Проблема была в другом. Кремль снова, как и в 1991 году, проигнорировал местную социокультурную специфику, а именно — недооценил роль тейпов в социальных отношениях Чечни. Отсутствие у чеченцев собственного государства, надтейповой структуры, способной выступать в роли конструктора надтейповой идентичности, а в перспективе — и единой чеченской нации, способствовало тому, что принадлежность к тейпу для чеченцев оставалась и сейчас остается важнее принадлежности к такой общности, как чеченский народ. Чтобы подтвердить свою принадлежность к аборигенам Чечни, каждый чеченец должен был помнить имена не менее двенадцати лиц из числа своих прямых предков. Отсюда и проблемы легитимности для «нашего человека» из чеченцев. Будучи представителем одного из тейпов, он не воспринимается другими как безусловный лидер. В крайнем случае, его готовы видеть как первого среди равных.
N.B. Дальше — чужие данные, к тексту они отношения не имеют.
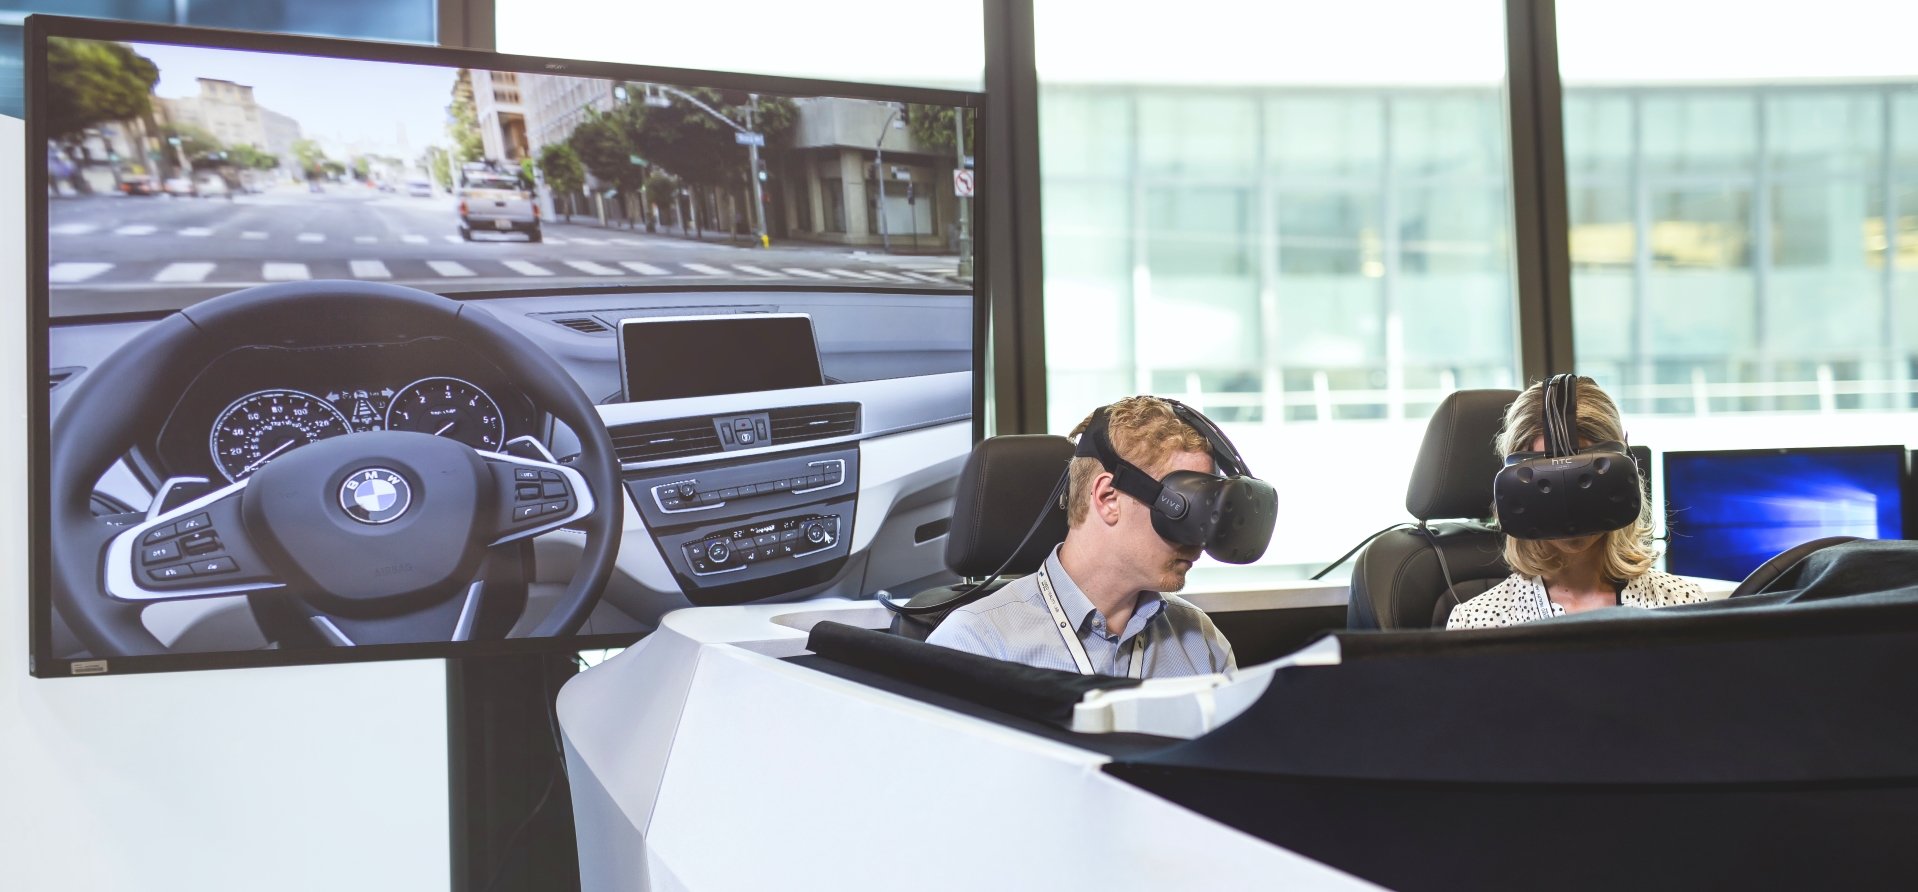 BMW Accelerates VR Usage with HTC Vive
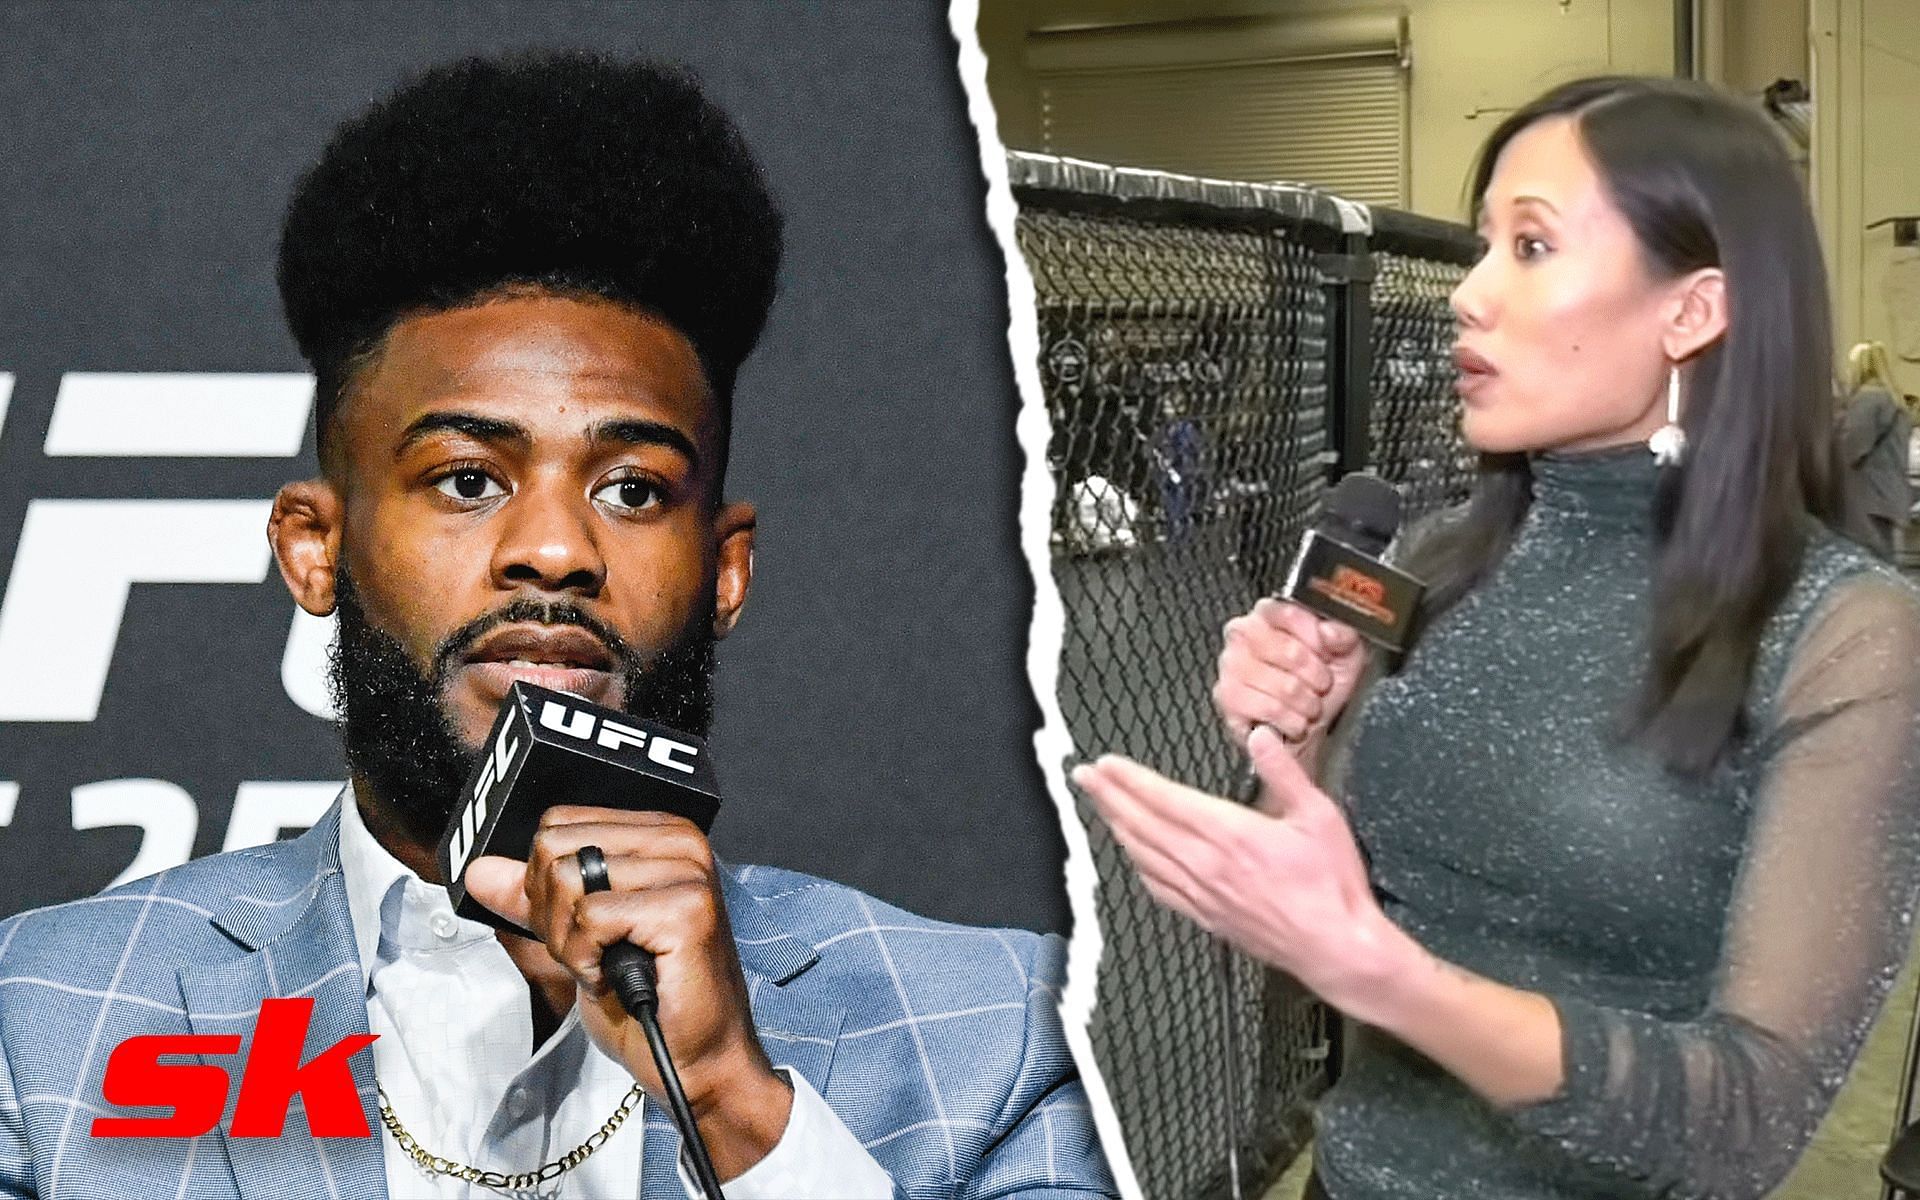 Ahead of UFC 288 Aljamain Sterling issues clarification on viral video [Images via: @helenyeesports on Instagram]

К сожалению, Кремль оказался привержен идее демократизации Чечни по абстрактным идеал-типическим рецептам (выборы, референдумы и пр.) вместо управления этой республикой ситуативно, исходя из местных политических особенностей. Строго говоря, в 1996 году потерпела провал не сама идея проекта «Завгаев», а ее неправильное воплощение. Этот проект мог бы увенчаться успехом, если бы Москва сделала ставку на Завгаева и ему подобных как организаторов местной власти, настроенной пророссийски. Таким образом, в Чечне были бы созданы островки московского влияния, которые можно было бы постепенно расширять. При этом республиканский уровень должен был бы контролироваться Москвой либо посредством прямого президентского правления, либо путем назначения главы администрации республики, но не этнического чеченца. Такой руководитель, своего рода наместник, играл бы роль арбитра между враждующими тейпами, реализуя принцип «разделяй и властвуй». Или же, напротив, «объединяй"… Только под российской дланью…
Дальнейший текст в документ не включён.